━━━━━ Data extract

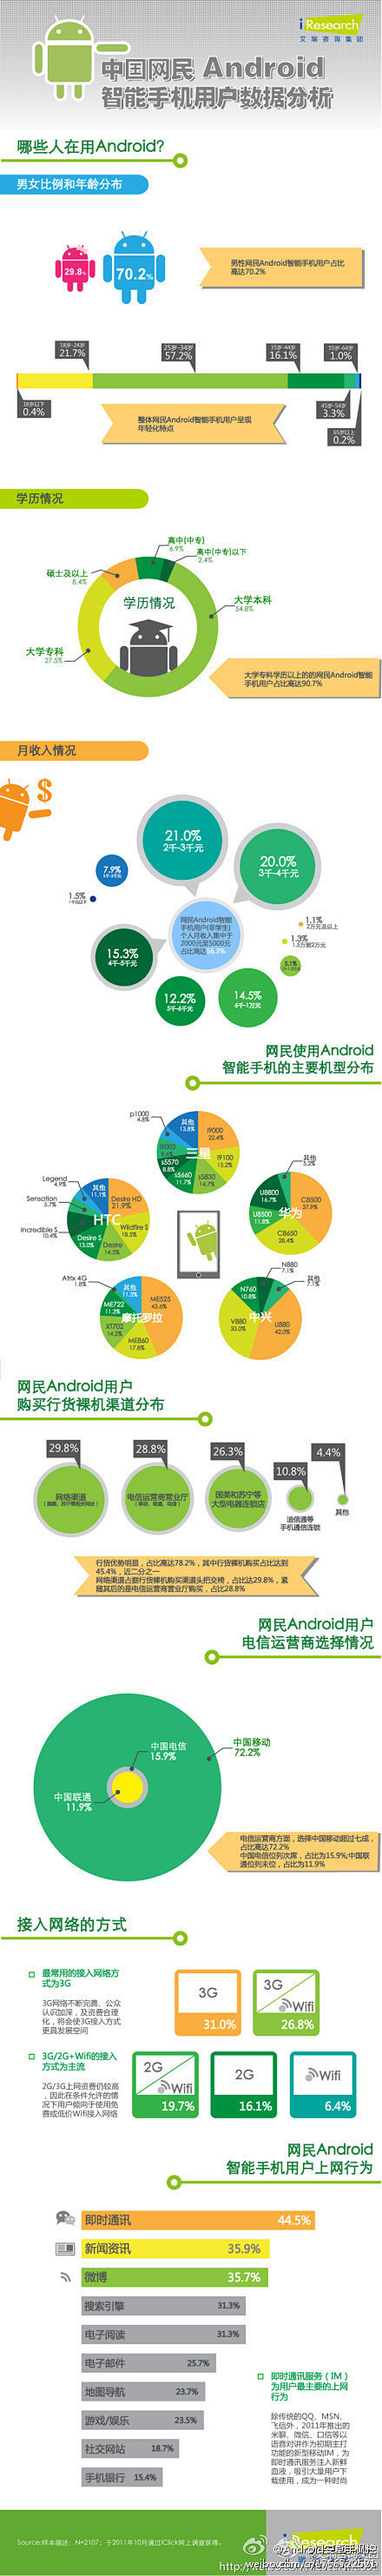 中国网民Android智能手机用户数据分...
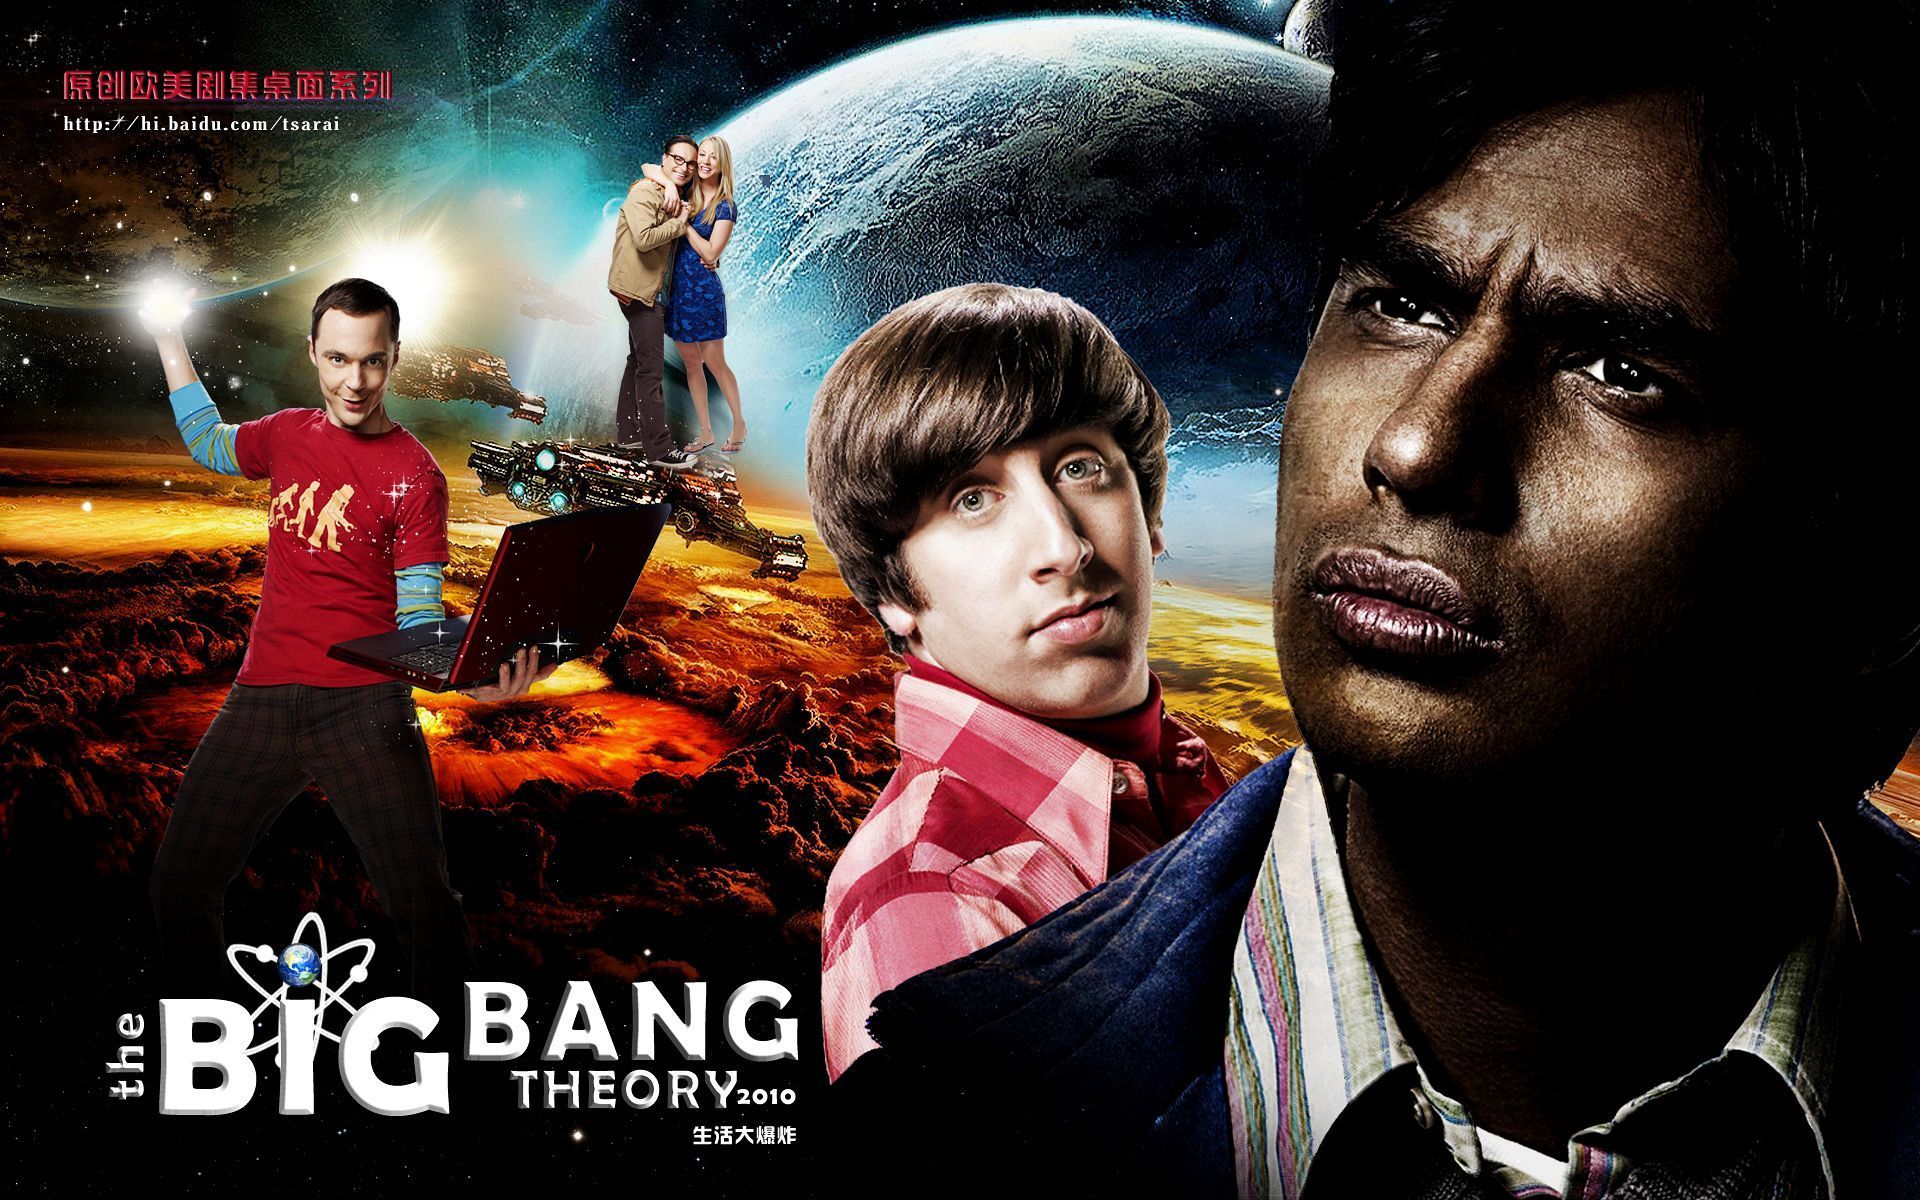 the-big-bang-theory-the-big-bang-theory-14674935-1920-1200 (1)
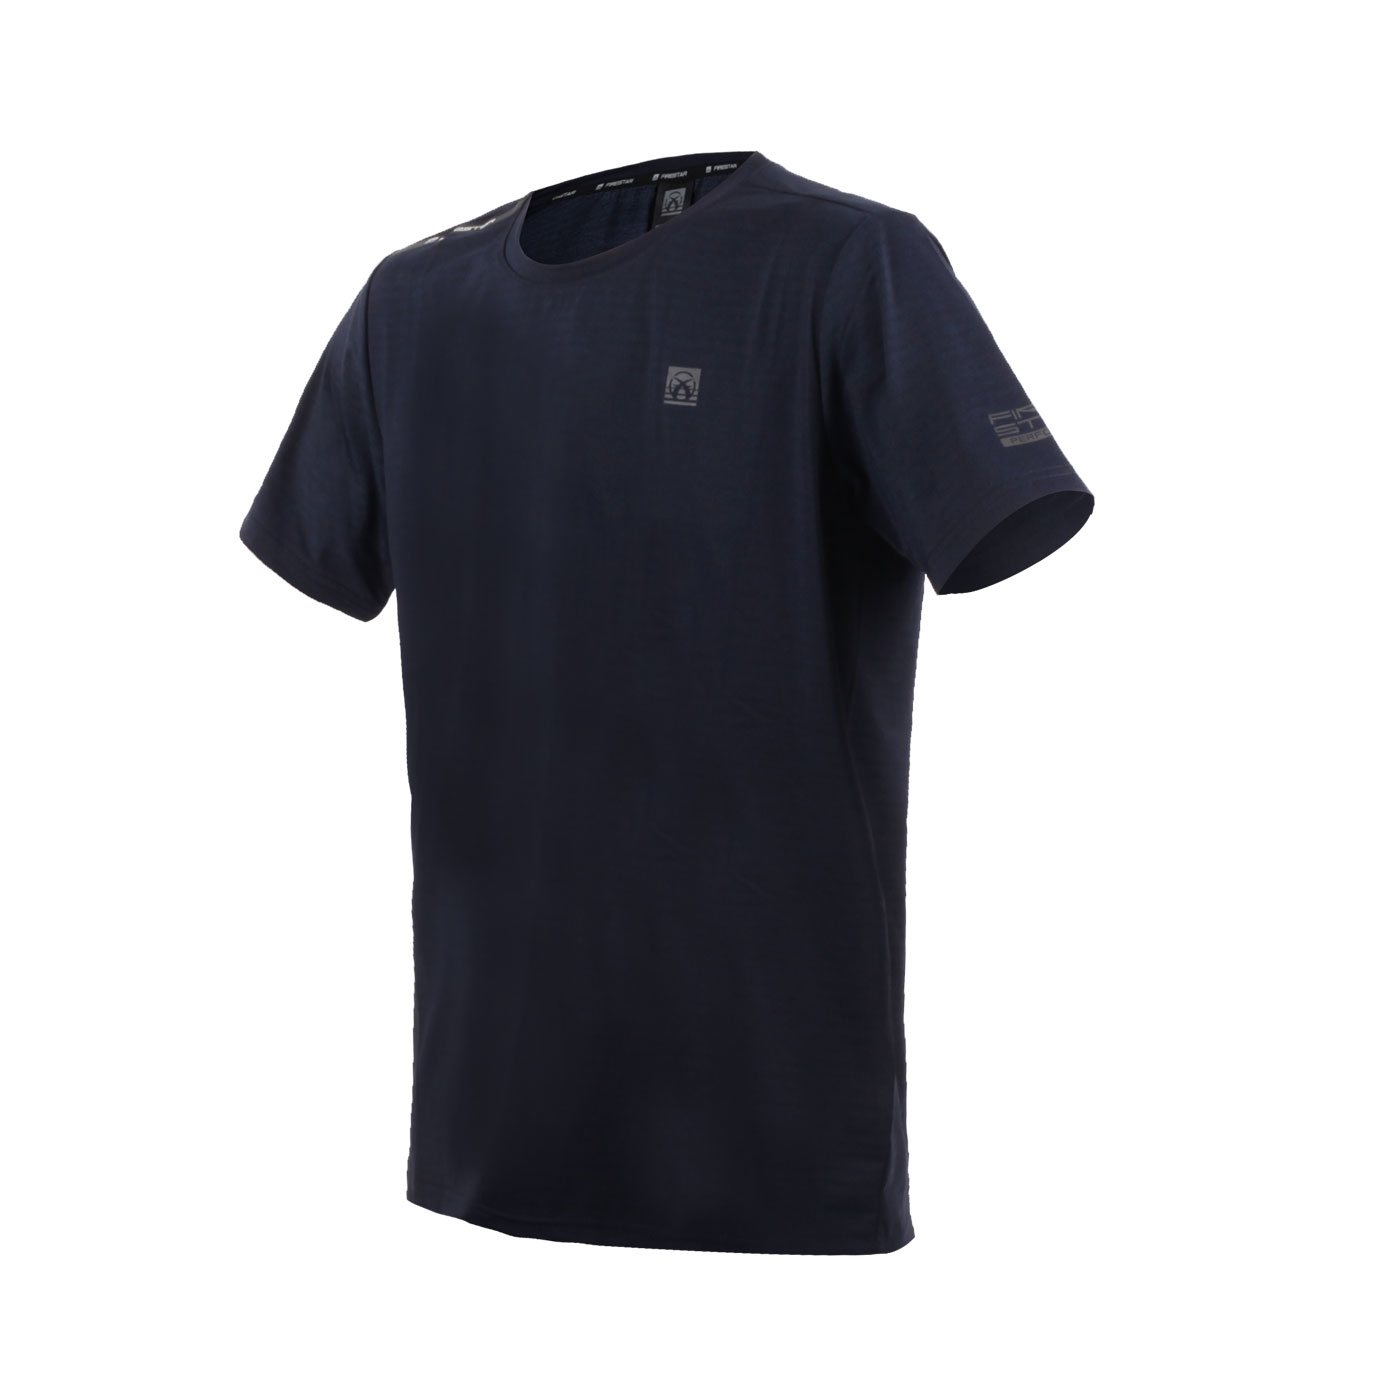 FIRESTAR 男款彈性圓領短袖T恤  D3233-93

━━━━━━━━━━

**What you are asked to do:**
No pictures go in the copy. Output exactly the lines from the line containing "the-big-bang-theory-the-big-bang-theory-14674935-1920-1200 (1)" through the end of the listing above.

**Response below:**
 the-big-bang-theory-the-big-bang-theory-14674935-1920-1200 (1)
 FIRESTAR 男款彈性圓領短袖T恤  D3233-93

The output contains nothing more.